To help us realize more adequately who and what, as children of God, we are and are called to be, here are some questions by which we do well to examine ourselves again and again.
1 John 3:1-3 (emphasis added):
- Do I understand my adoption? Do I value it? Do I daily remind myself of my privilege as a child of God?
- Have I sought full assurance of my adoption? Do I daily dwell on the love of God to me?
- Do I treat God as my Father in heaven, loving, honoring and obeying him, seeking and welcoming his fellowship, and trying in everything to please him, as a human parent would want his child to do?
- Do I think of Jesus Christ, my Savior and my Lord, as my brother too, bearing to me not only a divine authority but also a divine-human sympathy? Do I think daily how close he is to me, how completely he understands me, and how much, as my kinsman-redeemer, he cares for me?
- Have I learned to hate the things that displease my Father? Am I sensitive to the evil things to which he is sensitive? Do I make a point of avoiding them, lest I grieve him?
- Do I look forward daily to that great family occasion when the children of God will finally gather in heaven before the throne of God, their Father, and of the Lamb, their brother and their Lord? Have I felt the thrill of this hope?
- Do I love my Christian brothers and sisters with whom I live day by day, in a way that I shall not be ashamed of when in heaven I think back over it?
- Am I proud of my Father, and of his family, to which by his grace I belong?
- Does the family likeness appear in me? If not, why not?
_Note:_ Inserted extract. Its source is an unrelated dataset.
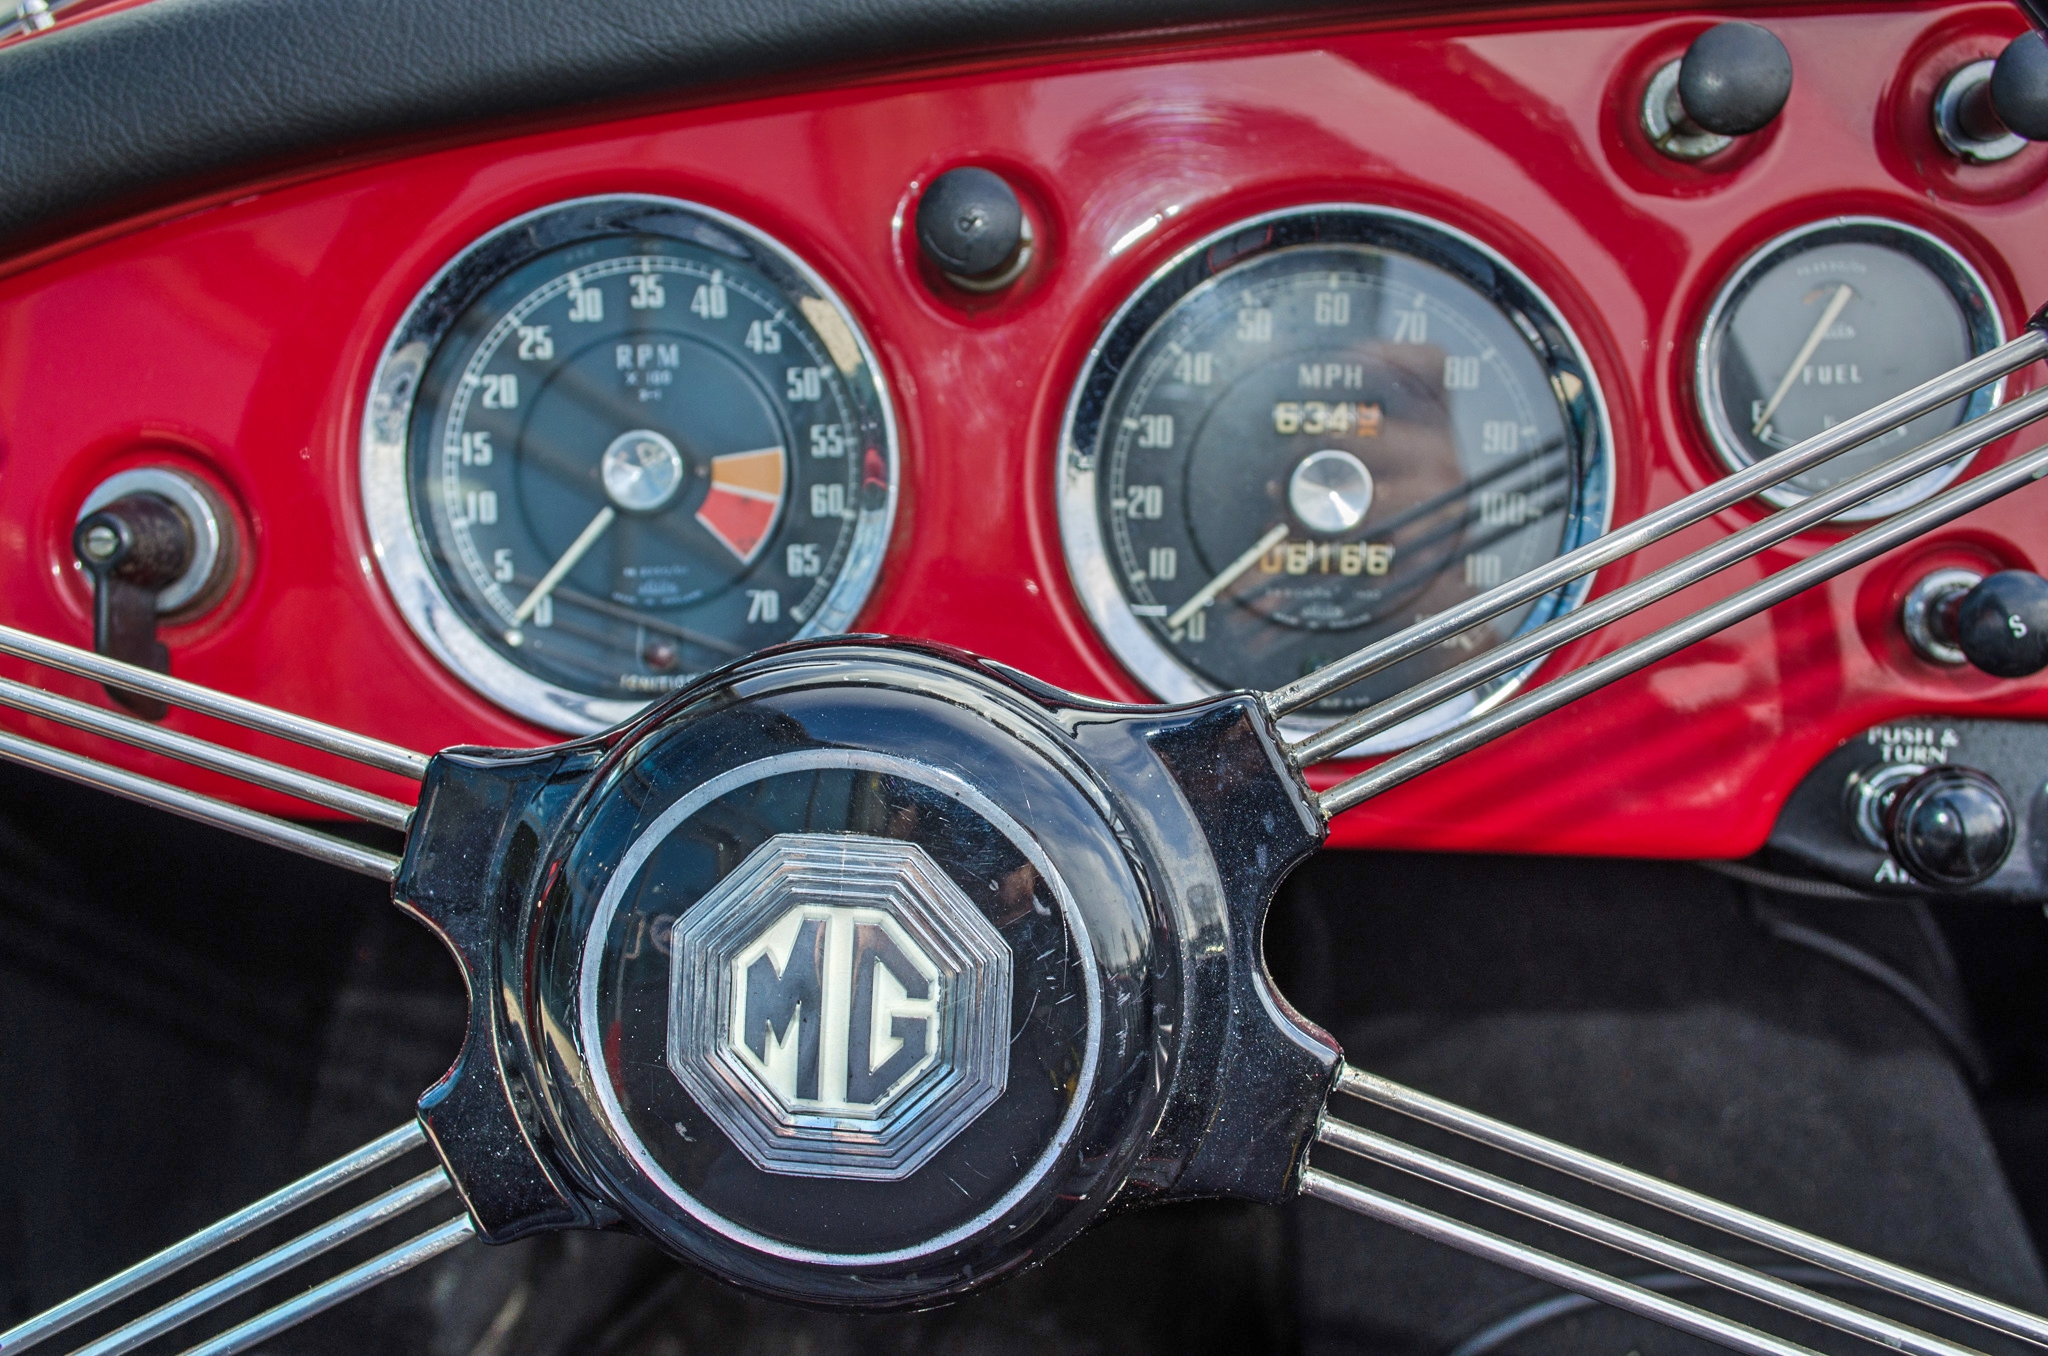 1957 MG A 1500cc 2 door convertible - Image 52 of 63

See what kind of love the Father has given to us, that we should be called children of God; and so we are. The reason why the world does not know us is that it did not know him. Beloved, we are God's children now, and what we will be has not yet appeared; but we know that when he appears we shall be like him, because we shall see him as he is. And everyone who thus hopes in him purifies himself as he is pure.